A quick news piece on information coming out of Intel’s annual Investor Day in California. As confirmed to Ashraf Eassa by Intel at the event, Intel’s 8th Generation Core microarchitecture will remain on the 14nm node. This is an interesting development with the recent launch of Intel’s 7th Generation Core products being touted as the ‘optimization’ behind the new ‘Process-Architecture-Optimization’ three-stage cadence that had replaced the old ‘tick-tock’ cadence. With Intel stringing out 14nm (or at least, an improved variant of 14nm as we’ve seen on 7th Gen) for another generation, it makes us wonder where exactly Intel can promise future performance or efficiency gains on the design unless they start implementing microarchitecture changes.

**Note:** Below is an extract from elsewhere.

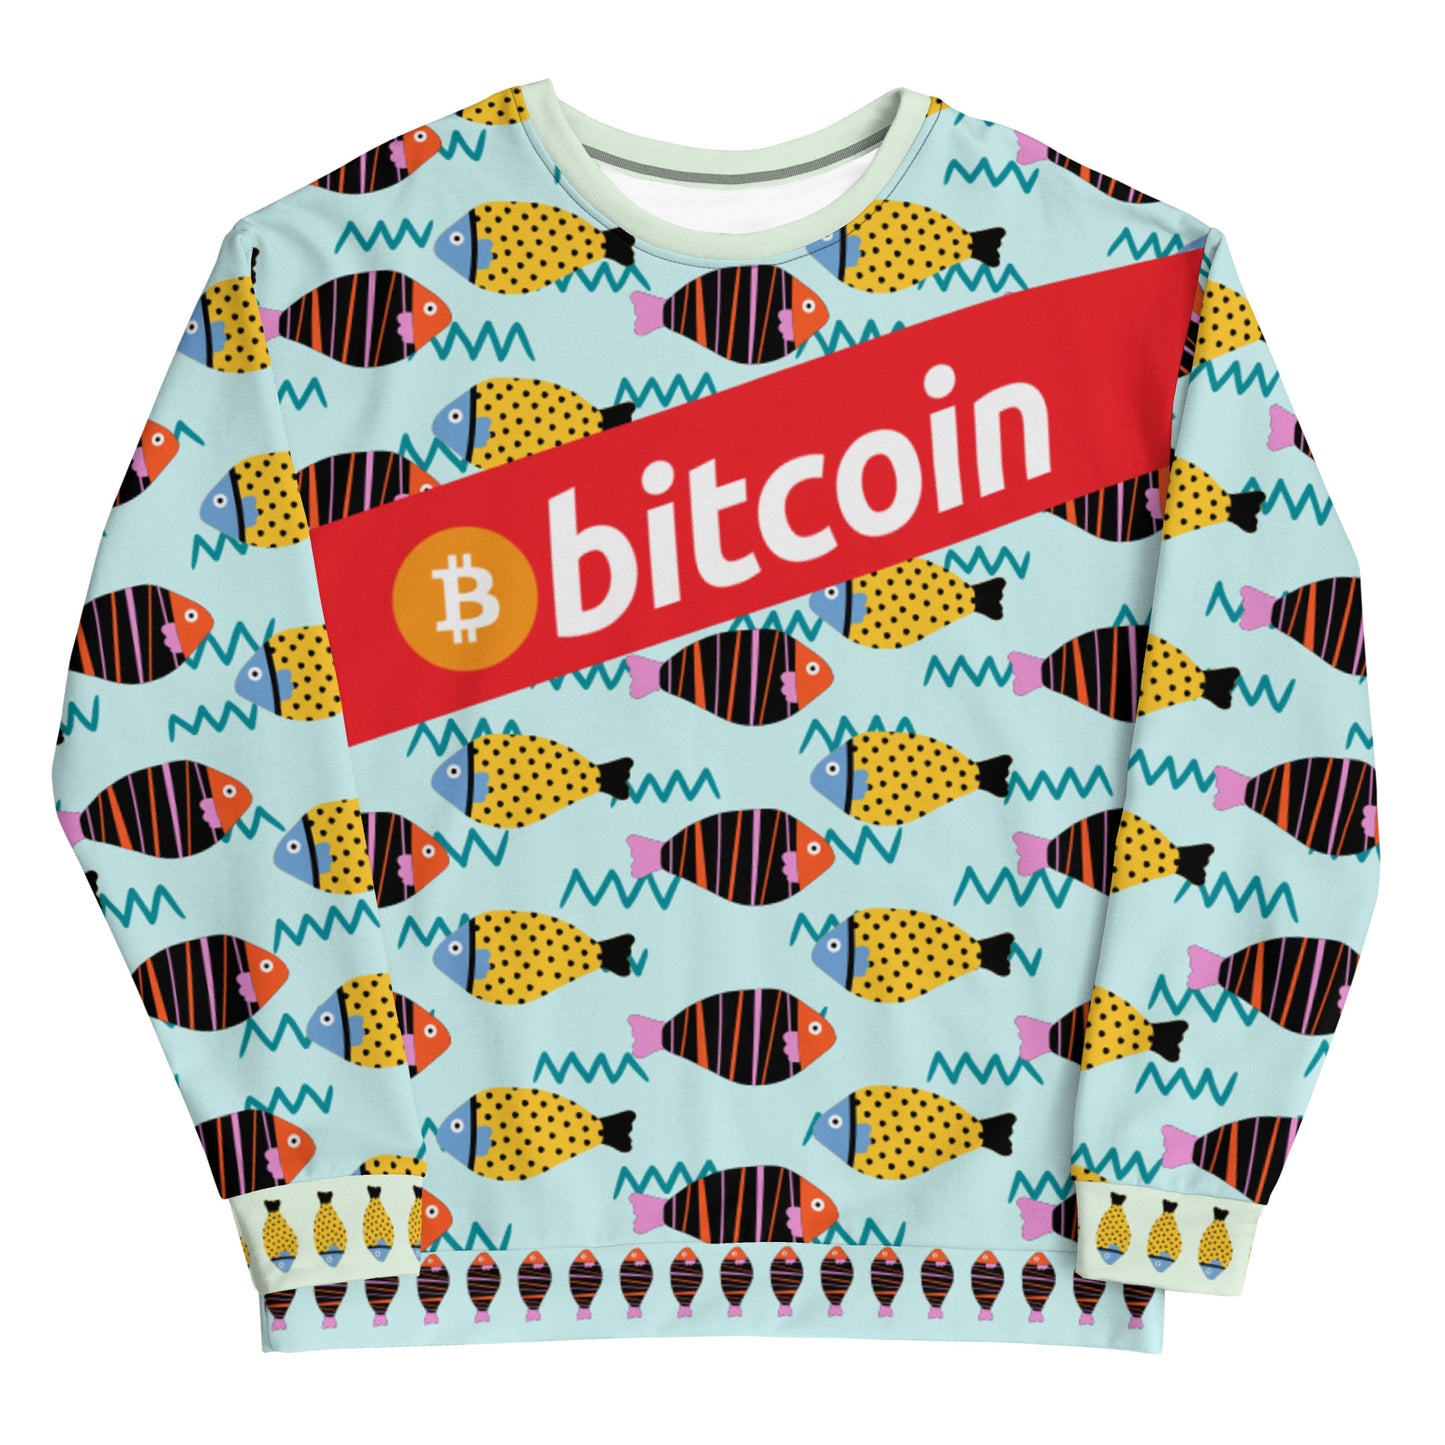 Bitcoin Fish Sweatshirt

Despite this, if you were to believe supposed ‘leaked’ roadmaps (which we haven’t confirmed from a second source as of yet), the 8th Generation product ‘Cannon Lake’ is more geared towards the Y and U part of Intel’s roadmap. This would ring true with a mobile first strategy that Intel has mirrored with recent generations such that the smaller, low power chips are off the production line for a new product first, however we'd also expect 10nm to also be in the smaller chips first too (as demonstrated at CES). Where Cannon Lake will end up in the desktop or enterprise segment however remains to be seen. To put something a bit more solid into this, Ashraf also mentioned words from Dr. Venkata ‘Murthy’ Renduchintala, VP and GM of Client and IoT:

‘Murthy referred to it at the event, process tech use will be ‘fluid’ based on segment’.

If one read too much into this, we may start seeing a blend of process nodes for different segments at the same time for different areas of the market. We already do have that to some extent with the mainstream CPUs and the HEDT/Xeon families, but this phrasing seems that we might get another split between consumer products or consumer and enterprise. We may get to a point where Intel's 'Gen' naming scheme for its CPUs covers two or more process node variants.

Speaking of the Enterprise segment, another bit of information has also surfaced, coming from a slide during a talk by Diane Bryant (EVP/GM of Data Center) and posted online by Ashraf. The slide contains the words ‘Data center first for next process node’

We can either talk about process node in terms of the ‘number’, either 14nm/10nm/7nm, or by variants within that process (high power, high efficiency). One might suspect that this means Intel is moving hard and fast with 10nm for Xeons and big computing projects, despite showing off 10nm silicon at CES earlier this year. That being said, it’s important to remember that the data center market is large, and includes high-density systems with many cores, such as Atom cores, and Intel did recently open up its 10nm foundry business to ARM Artisan IP projects. So while the slide does say ‘Data center first’, it might be referring to DC projects based on ARM IP in that segment rather than big 4-24+ core Xeons. At this stage of the game it is hard to tell.

On top of all this, Intel still has extreme confidence in its foundry business. An image posted by Dick James of Siliconics from the livestream shows Intel expects to have a three-year process node advantage when its competitors (Samsung, TSMC) start launching 10nm:

I’ve been brief with this news for a reason - at this point there are a lot of balls in the air with many different ways to take this information, and the Investor Day is winding down on talks and finishing with smaller 1-on-1 meetings. We may get further clarification on this news as the day goes on.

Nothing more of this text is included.